E mais ainda, nos explica como era o procedimento comum do dia a dia de gravação de campo.
Antonio Ladeira viria me auxiliar nisso, [...] porque o equipamento era pesado, cerca de... Quase uma tonelada [...] então eu montava tudo no local onde fosse necessário para a gravação [...] em alguns casos, nós púnhamos o microfone no pé, mas em via de regra, eu achei uma coisa interessante, de acordo com o andamento da coisa, que o Braunwieser se fizesse o portador do microfone [...]
Uma gravação era, portanto, um fruto colhido do conjunto de gestos partilhados entre Benedito, Antônio e Martin - técnico, contrarregra e músico. Gestos de apanhar o som do solista e do coro a céu aberto.
CD, Faixa 16, O meu loro não fala. Coco de embolada, Manuel Luis da Silva, solista, Patos, Paraíba, abril, 1938.
Carlini confirma na entrevista com Martin algumas memórias sobre formas de fazer a gravação.
Durante as gravações era o Sr. quem ficava com o microfone?
Braunwieser - Geralmente sim. Não fiquei com o microfone somente em algumas oportunidades. Deixava o microfone parado quando a pessoa podia sentar. No Teatro Santa Isabel, por exemplo, durante a gravação de um Bumba-meu-boi, eu arrumei uma espécie de estante e pendurei lá o microfone. Eles cantavam no palco e eu ficava sentado fazendo o controle de gravação junto com o Pacheco.
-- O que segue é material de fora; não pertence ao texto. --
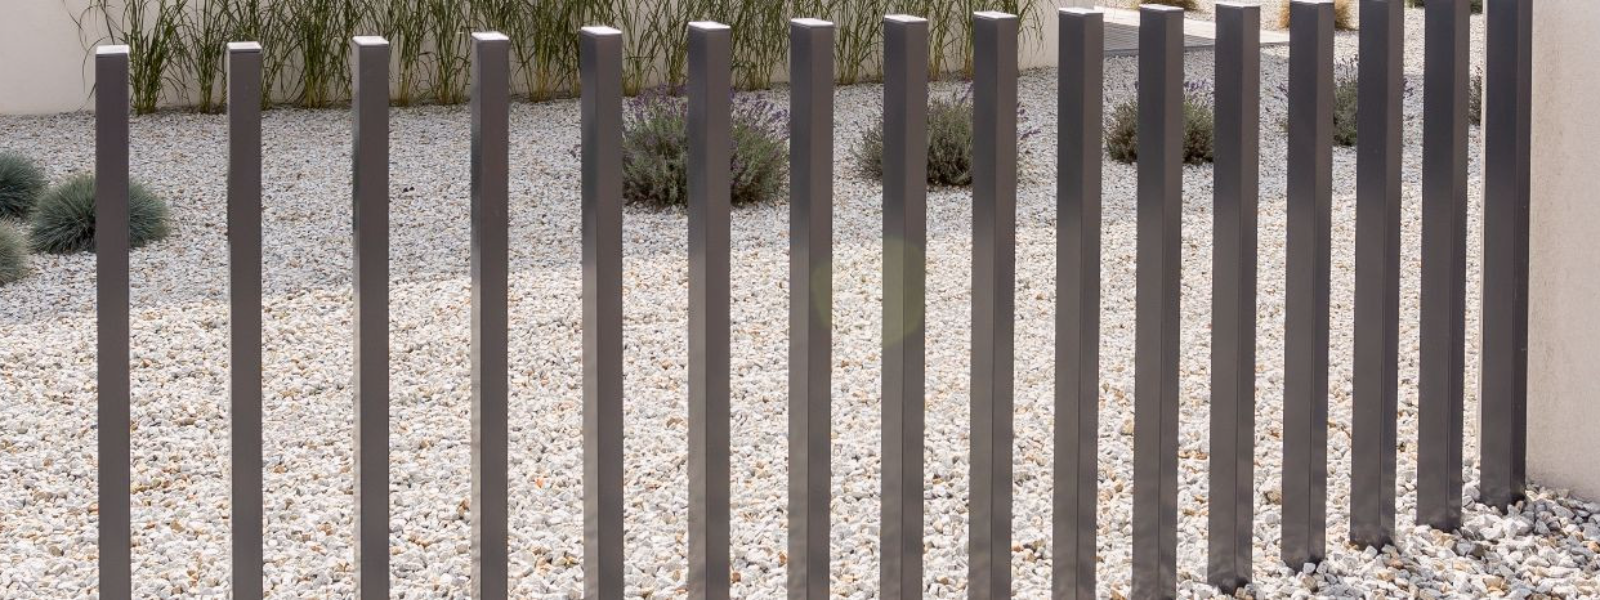 AIAPROFID OÜ - panel fences, automatic garden gates, garden security solutions, smart lighting in the garden, motion sens...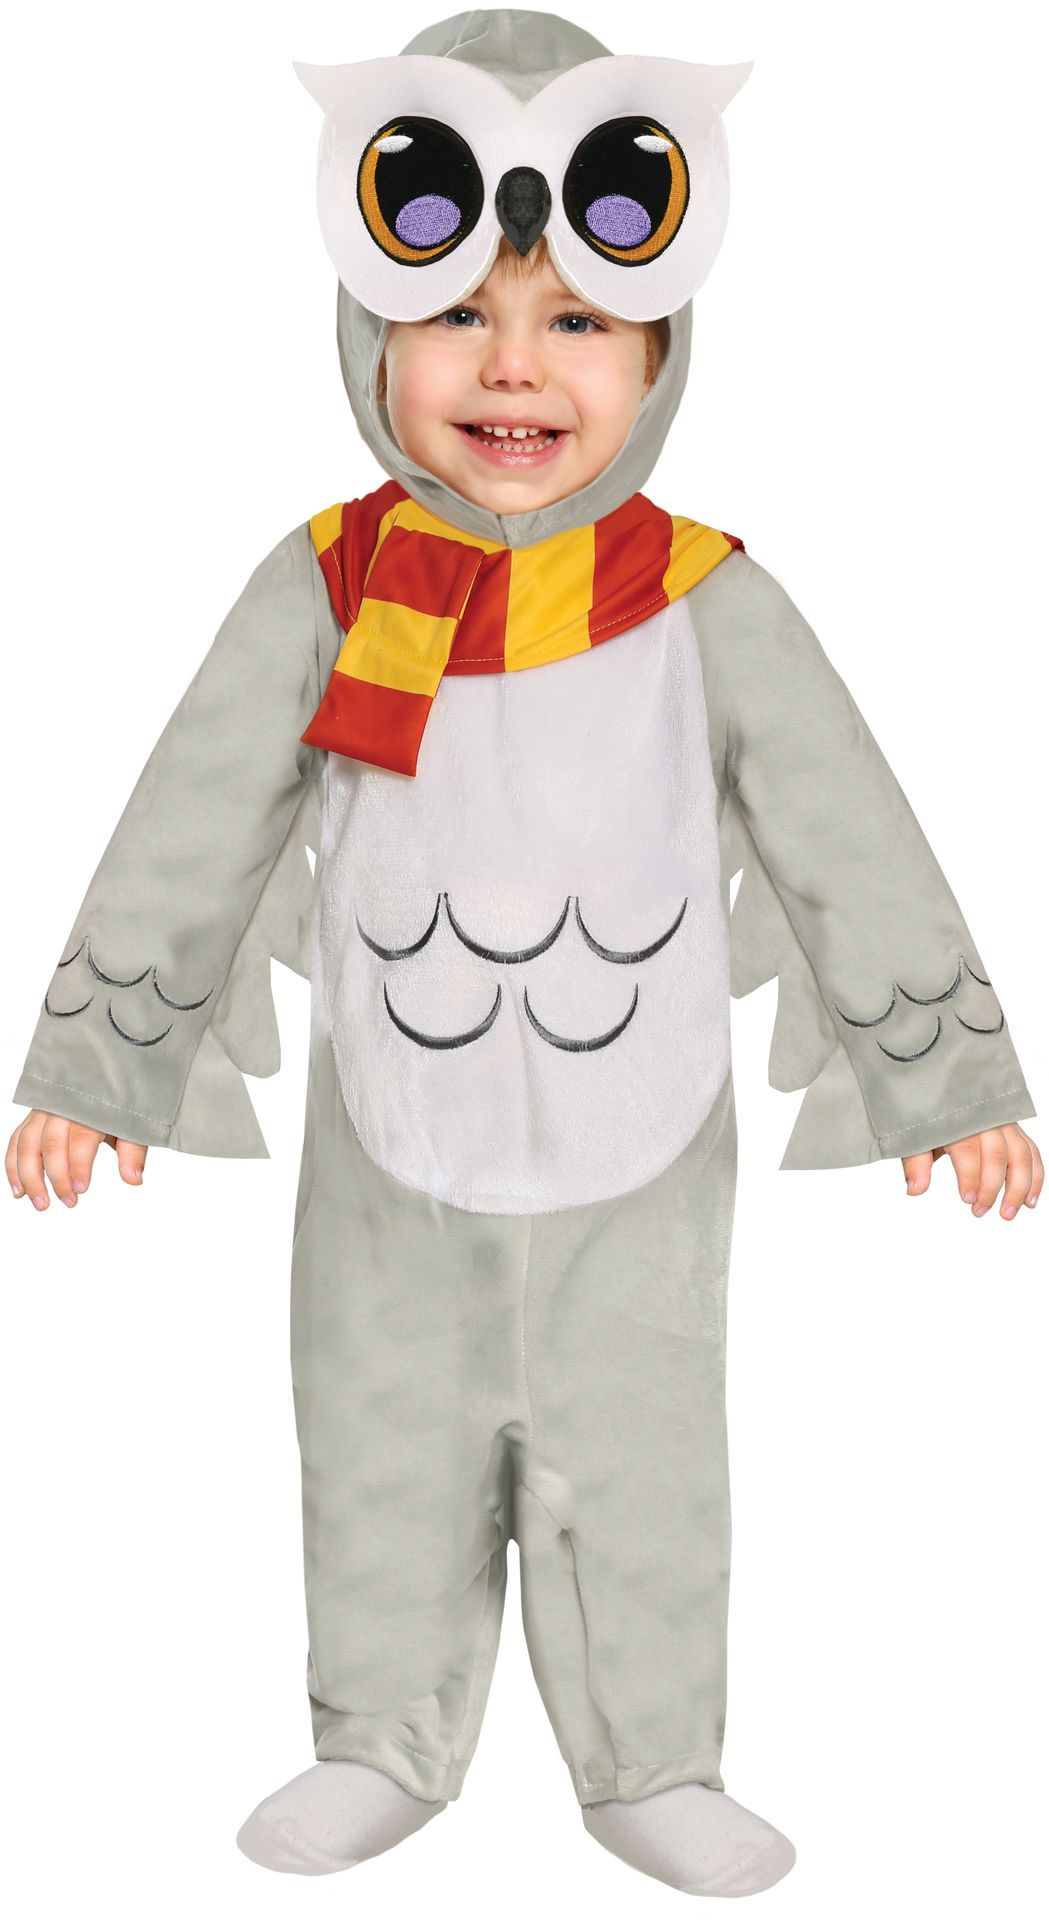 Harry Potter uil baby kostuum

Missão de Pesquisas Folclóricas, CD 1, Faixas 8 a 13, Bumba meu boi, 18/02/1938.
Já com os carregadores de piano, fiquei com o microfone e caminhei junto com eles. Eles não sabiam cantar sem carregar o piano [...] foi assim que aconteceu: caminharam pelo palco do teatro, carregando o piano e cantando.
Missão de Pesquisas Folclóricas, CD 1, Faixas 1 a 7, Carregadores de piano, 18/02/1938
A memória de Martin lembra as gravações feitas no Teatro Santa Isabel no Recife, Pernambuco. Benedito Pacheco conta que
“em alguns casos raros, nós usamos um Teatro Municipal”.
A missão de campo usou o teatro lírico do Recife como espaço aural de gravação para isolar o som dos ouvidos da cidade.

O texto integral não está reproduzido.